The country's leading carmaker Maruti Suzuki's net profit for the October-December quarter stood at Rs 1,564.8 crore, posting a 5.1 per cent growth compared to the same period the previous year. The company has attributed cost-reduction efforts, lower operating expenses, and a reduction in the corporate tax rate for a rise in its Q3 profit.
The profit rose "on account of cost reduction efforts, lower operating expenses, lower commodity prices and reduction in the corporate tax rate, partially offset by higher sales promotion expenses, higher depreciation, and lower fair value gains on invested surplus," the company said in a statement.
In Q3, Maruti saw 2 per cent growth compared to the same period previous year in terms of the total vehicle sale at 437,361 units. Sales in the domestic market grew by 2 per cent YoY at 413,698 units, while the company exported 23,663 cars. During the quarter, Maruti registered 3.8 per cent growth YoY in net sales at Rs 19,649 crore.

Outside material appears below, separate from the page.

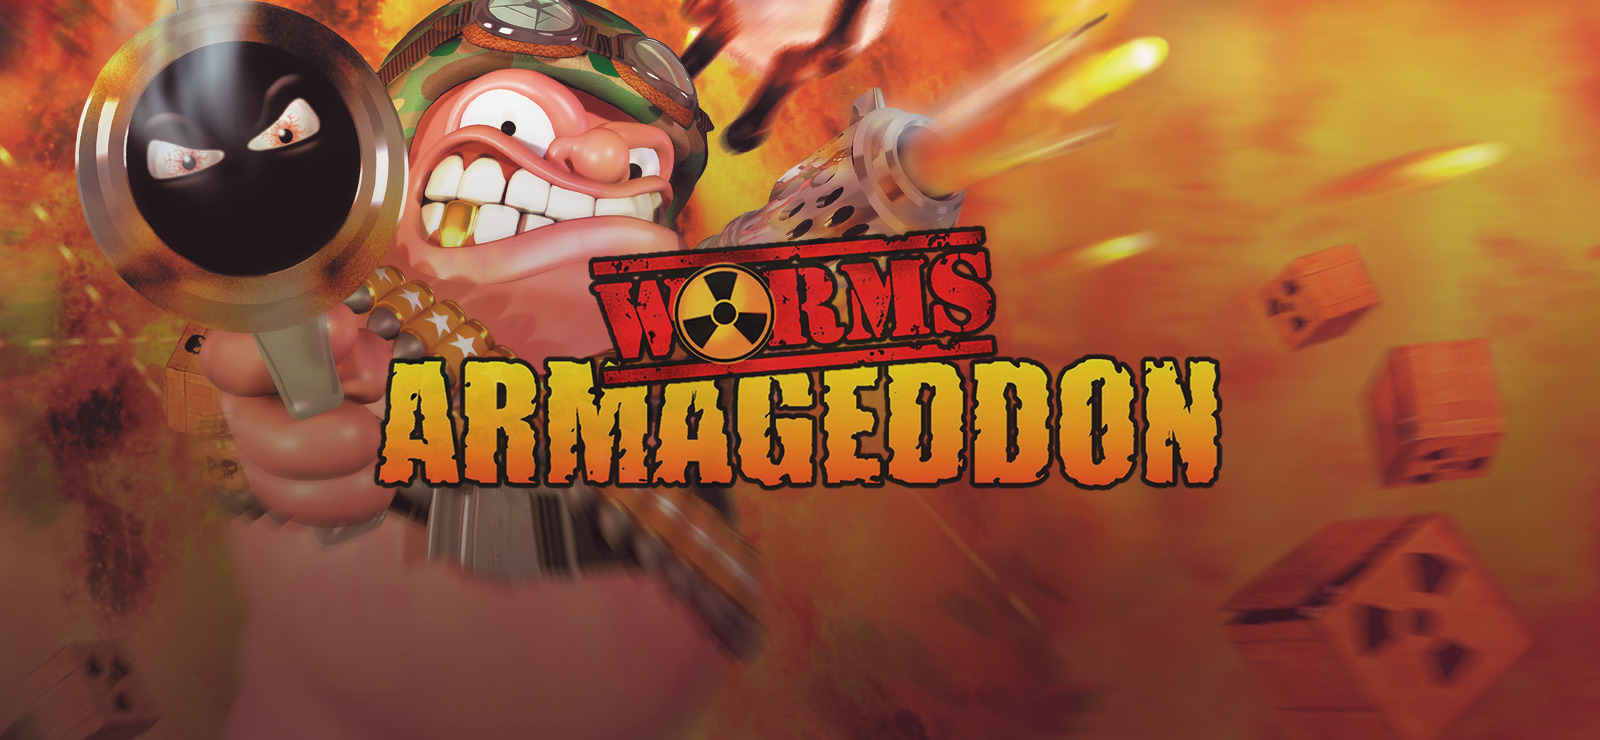 Worms armageddon on steam фото 19
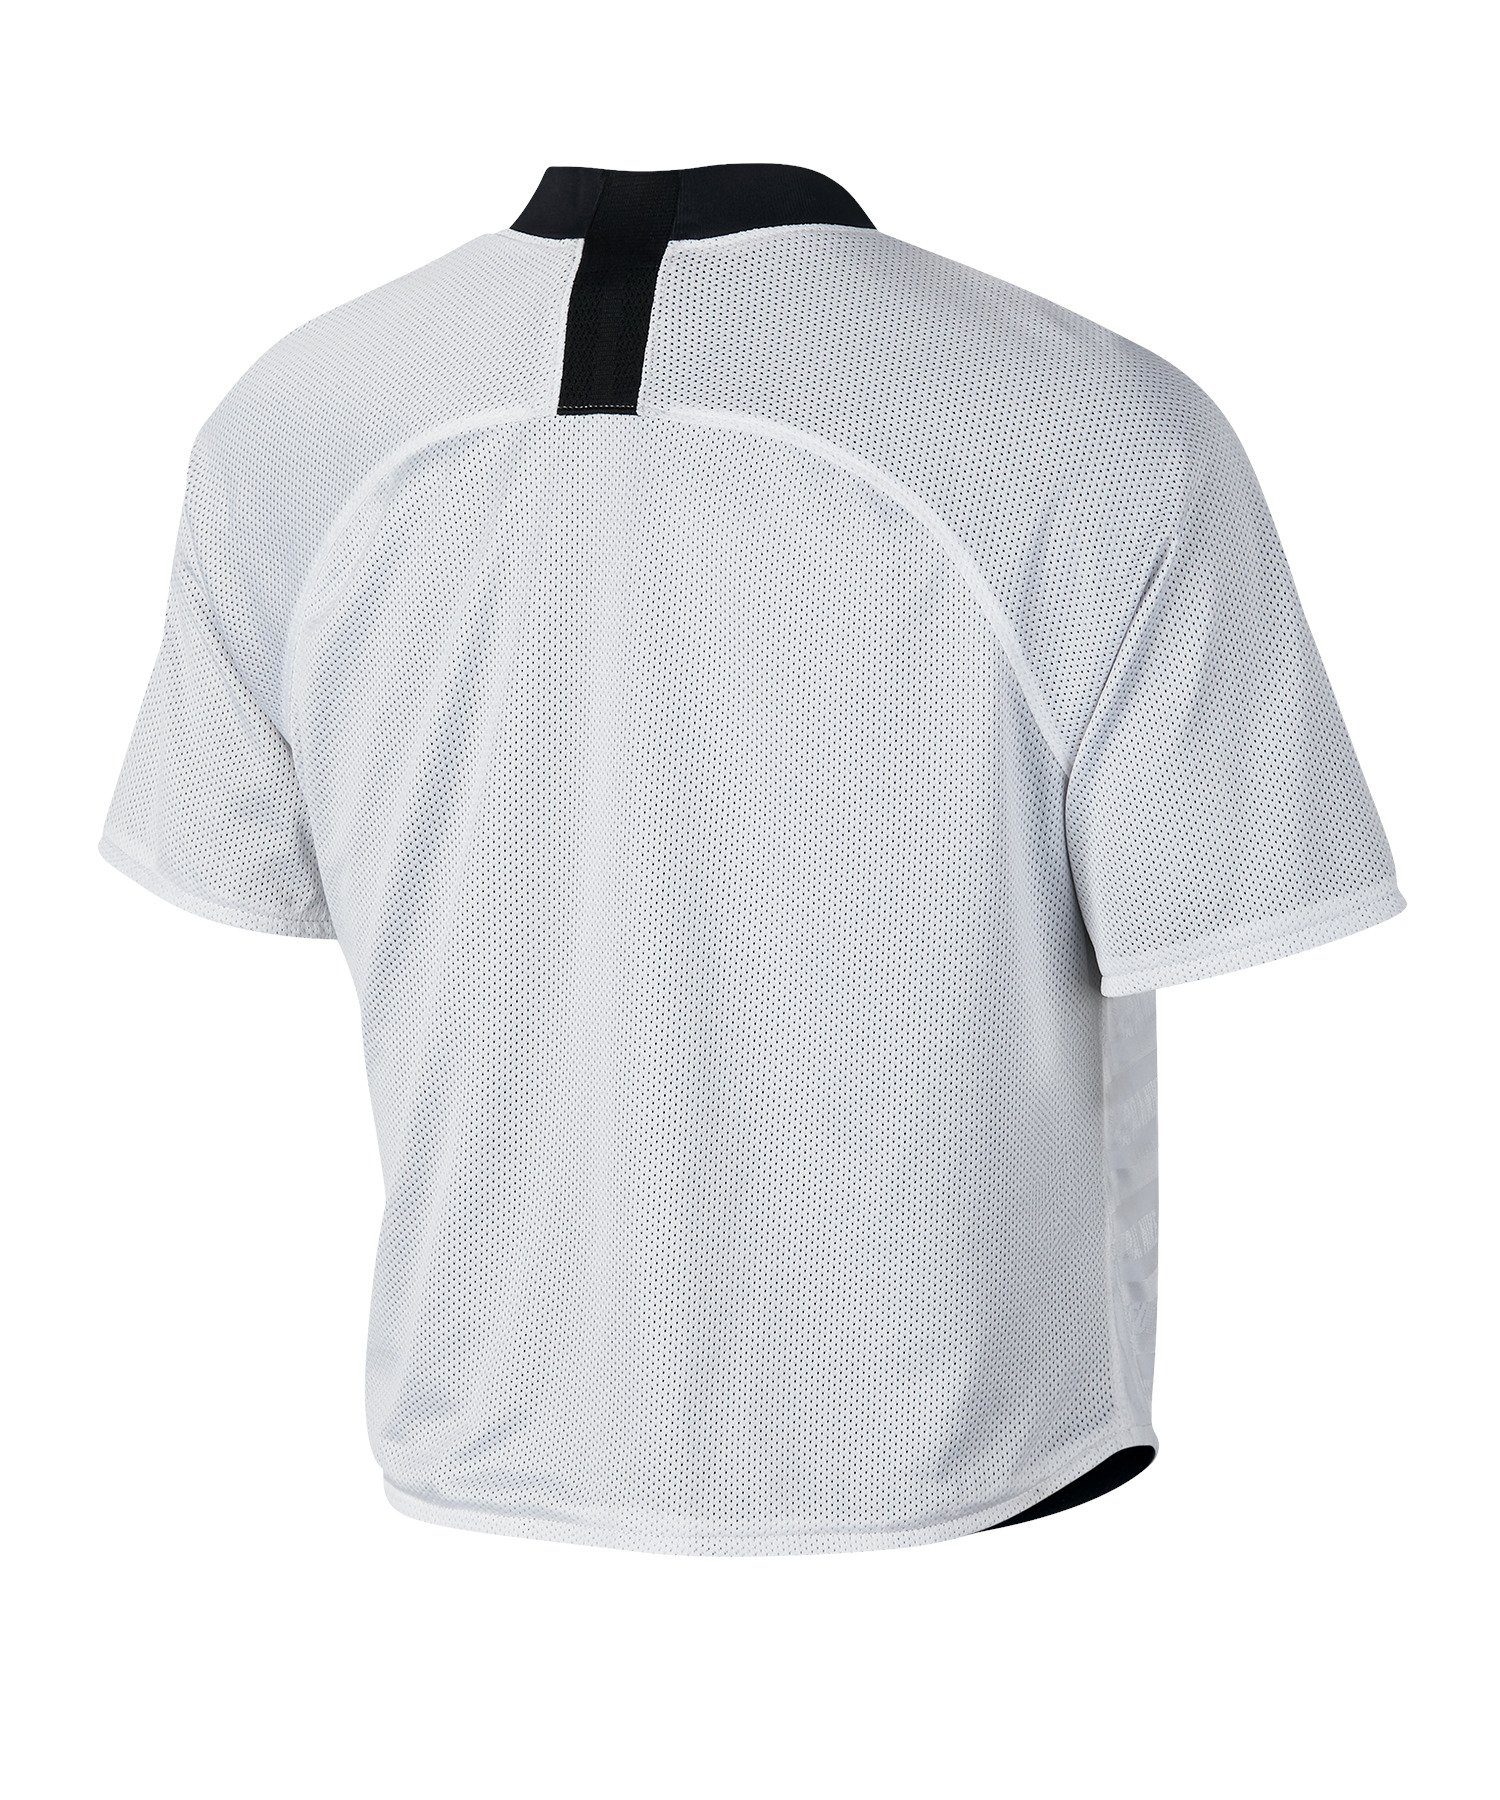 Schwarz T-Shirt Sportswear Crop default Damen F.C. Nike Top

Overall in the past three quarters, the company has seen a 16.1 per cent decline YoY in sales at 1,178,272 units. Sales in the domestic market stood at 1,100,698 units (lower by 16.9 per cent), while the company exported 77,574 units.
The company's net profit in the period declined 23.6 per cent YoY, while total sales plunged 12.5 per cent YoY to Rs 54,504. A major reason for overall declining revenue is believed to be "lower sales volume, higher sales promotion expenses and higher depreciation, partially offset by cost reduction efforts, higher fair value gains on invested surplus and reduction in corporate tax rate".
Following the earnings update, the shares of Maruti Suzuki fell 1.4 per cent intraday to the day's low of Rs 7,040.05 on BSE today.